11. Show that the number of ways to express a positive integer $n$ as the sum of consecutive positive integers is equal to the number of odd factors of $n$.

I am forced to assume that @fresh_42 meant to say "number of odd factors other than (i.e. excluding) 1", because otherwise it is easy to find counter-examples. There is just one way to write 6 as a sum of consecutive natural numbers ($1+2+3$) even though it has two odd factors, 1 and 3.

I am giving below one way to prove the claim stated in the question, but the proof isn't rigorous. I will work out the finer details and post it later when I have some free time.

Observation 1: Any odd natural number $y >= 3$ can be written as a sum of 2 consecutive positive integers, $(y -1)/2$ and $(y+1)/2$

Observation 2: If a sequence of consecutive natural numbers is an odd-length sequence "centered" at an integer $x$ (e.g. $4, 5, 6$ is centered at $x=5$ and is of length 3), then the sequence's sum is $x * lengthOfSequence$. The length of such an odd-length sequence can be denoted by $(2k + 1)$. $k$ will be the count of numbers to the left of $x$ and also the count of numbers to the right of $x$. It is easy to see that every pair of numbers that are at the same offset to the left and to the right of $x$ in the sequence will add up to $2x$ and the sum is $(2k+ 1)*x$.

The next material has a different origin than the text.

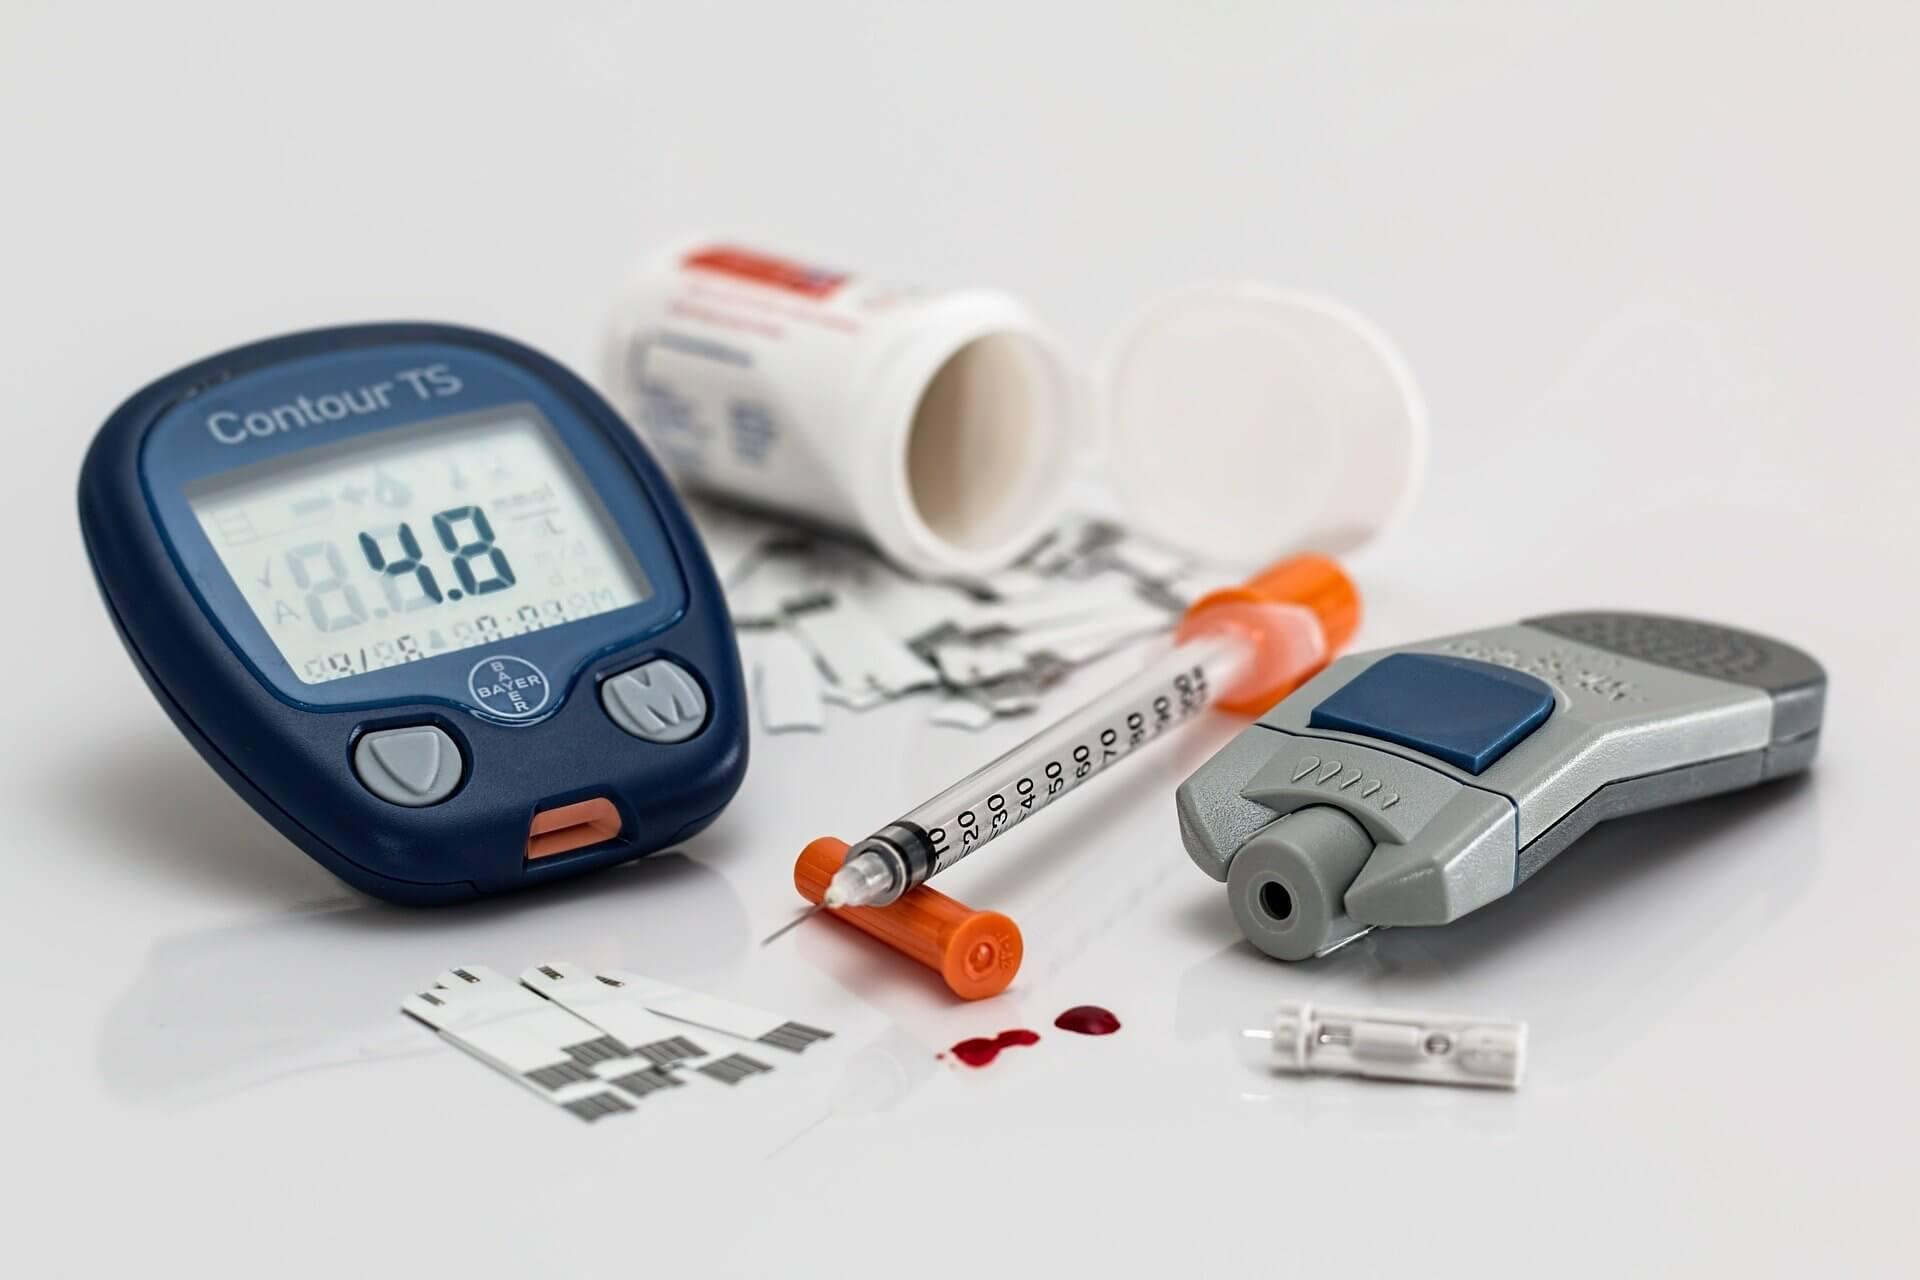 cukrzyca, koronawirus, diabetycy, choroba, pandemia, epidemia, nauka, naukowcy, choroby, COVID-19, test na koronawirusa, , cukrzyk, hiperglikemia, objawy koronawirusa,

Observation 3: If such an odd-length sequence is centered at an odd number and the sequence starts sufficiently away from 1 (away-ness dependent on $k$, need to work out the exact formula), then it can be transformed or broken down to an even-length sequence of consecutive natural numbers that is double the length but adds up to the same sum as the original sequence; this even-length sequence will be centered around 2 consecutive numbers derived from the original center $x$ as per observation 1. E.g. $(6 + 7 + 8) \equiv ((1+2)+(3+4)+(5+6)) \equiv 21$

Observation 4: If the consecutive numbers sequence is of even-length or if it centered at an even number, then there is no transformation to a longer sequence of consecutive numbers (like that in previous observation) that adds up to same sum.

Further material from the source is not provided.